Obserwatorzy

poniedziałek, 28 grudnia 2009

Na życzenie małego fana (1)

W czasach licealnych udało mi się nagrać film z Michaelem Jacksonem. Tytułu nie pomnę, ale film był sympatyczny i, co najważniejsze, z dużą dawką twórczości wspomnianego artysty. Jestem wielbicielką jego twórczości, aczkolwiek nigdy nie byłam fanką, co to sprzeda duszę diabłu, aby móc na koncercie rwać włosy z głowy dla swego idola. Piosenek chętnie posłucham, klipy chętnie pooglądam, ale żeby mdleć na jego widok, to raczej nie w moim stylu. Nie mniej jednak film onegdaj nagrałam, a gdy Bartek wypruciał go z otchłani zapomnienia, chętnie obejrzałam go ponownie. I potem drugi raz. I trzeci. I kolejny raz. I już dalej nie pamiętam, który to był raz. O ile przy pierwszej powtórce jeszcze z ciekawością i sentymentem zerkałam na ekran, o tyle do kolejnych razów byłam już niemal zmuszona, bowiem Bartek (dla przypomnienia: lat 7 i pół) właśnie odkrył w sobie miłość do twórczości Michaela Jacksona i koniecznie usiłował mi ją opisać. Przy -nastym razie każdy by wymiękł. Nie mniej jednak miłość do Jacksona zaczęła rozkwitać w duszy młodego fana niczym kwiecie ciepłą wiosną.

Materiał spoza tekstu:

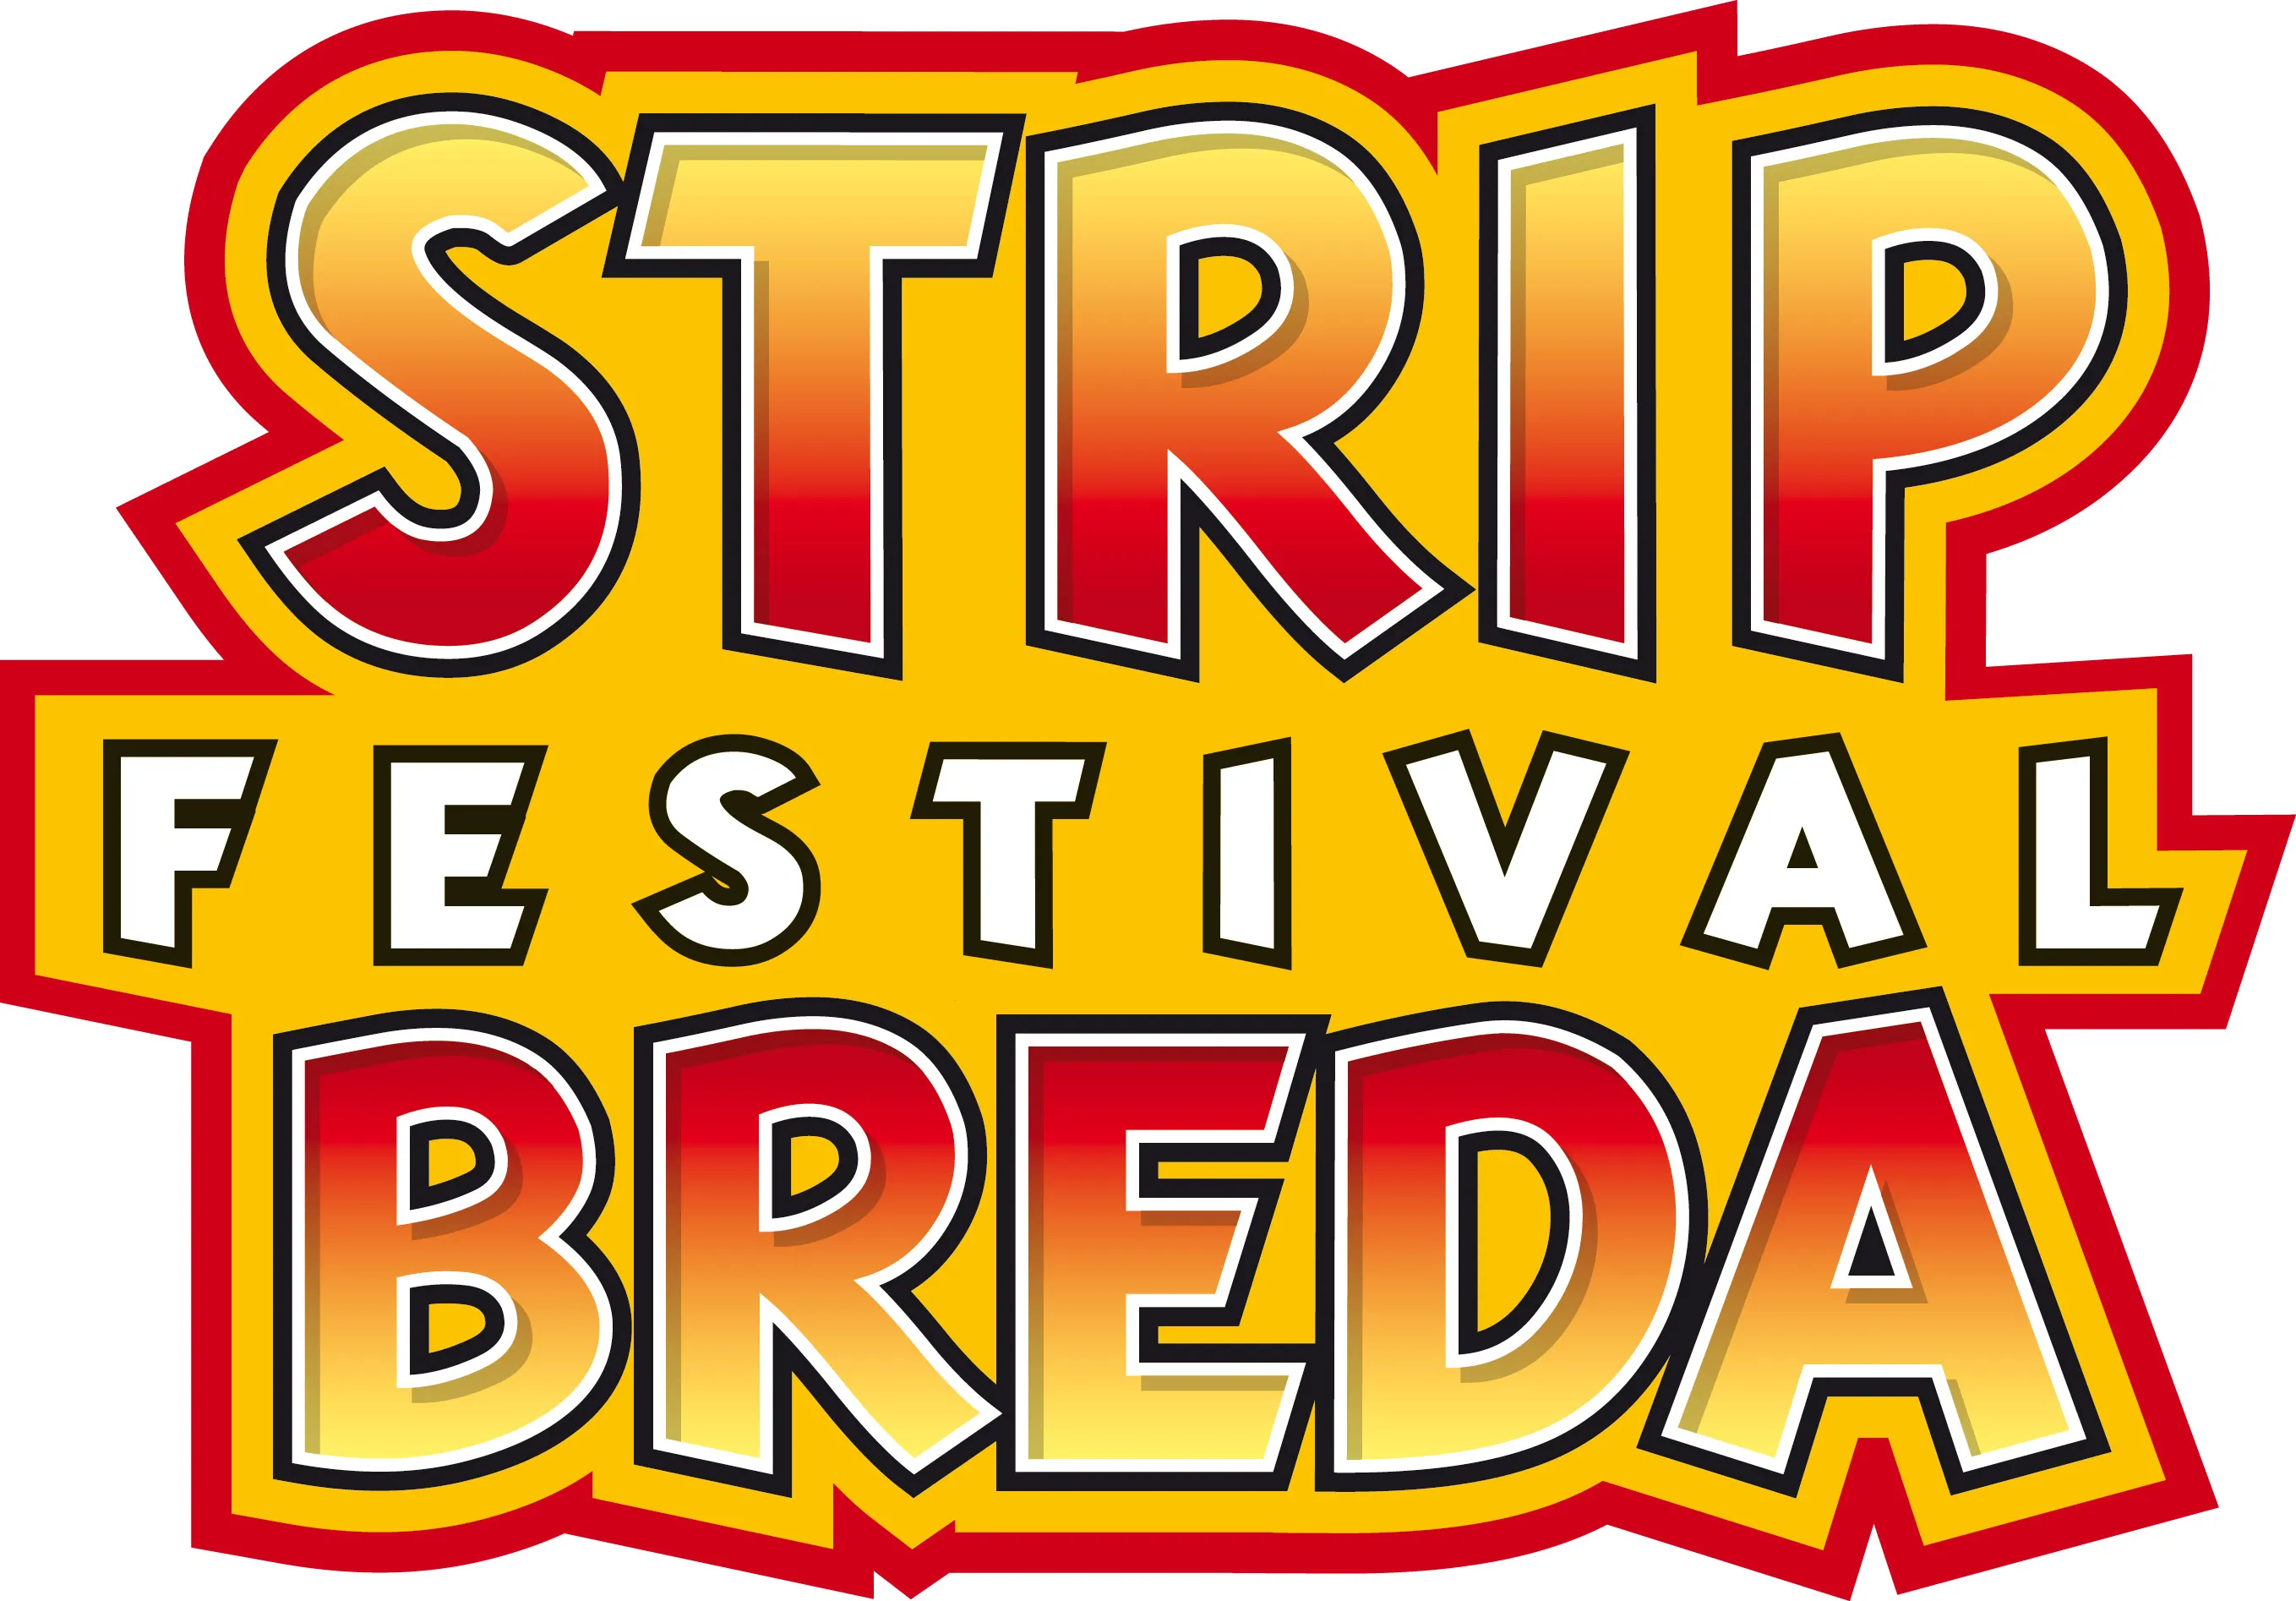 logo stripfestival breda def

Jakiś czas temu opowiedziałam Bartkowi, jak synek Madziorka nazwał Michaela Jacksona, gdy zobaczył jego sylwetkę wyłaniającą się z krzyżykowego chaosu. Pomroczność jakaś musiała mnie ogarnąć, gdy opowiadałam tę historyjkę, albowiem dziecię moje natychmiast podchwyciło ideę i jęczało, póki nie obiecałam wyszyć mu facjaty ulubionego artysty. Jest już tyle:Na razie przewiduję wykonanie okładki na zeszyt z wykorzystaniem haftu, ale czas pokaże, co rzeczywiście z tego wyjdzie. Biorąc pod uwagę, że tempo wyszywania spadło u mnie dość mocno (zakładka dla Eli - półtora miesiąca!), to do 18 kwietnia powinnam wyrobić się (urodziny Bartka).
--------------------------------------------------
Nazbierało mi się sporo zaległości w odpowiedziach na wasze komentarze. Ponieważ jest tego dość dużo, odpowiedzi podzieliłam na kategorie, w których komentarze były zamieszczane. Zanim jednak przystąpię do odpisywania, chciałabym najpierw serdecznie podziękować Wam za wszystkie życzenia świąteczno-noworoczne :-)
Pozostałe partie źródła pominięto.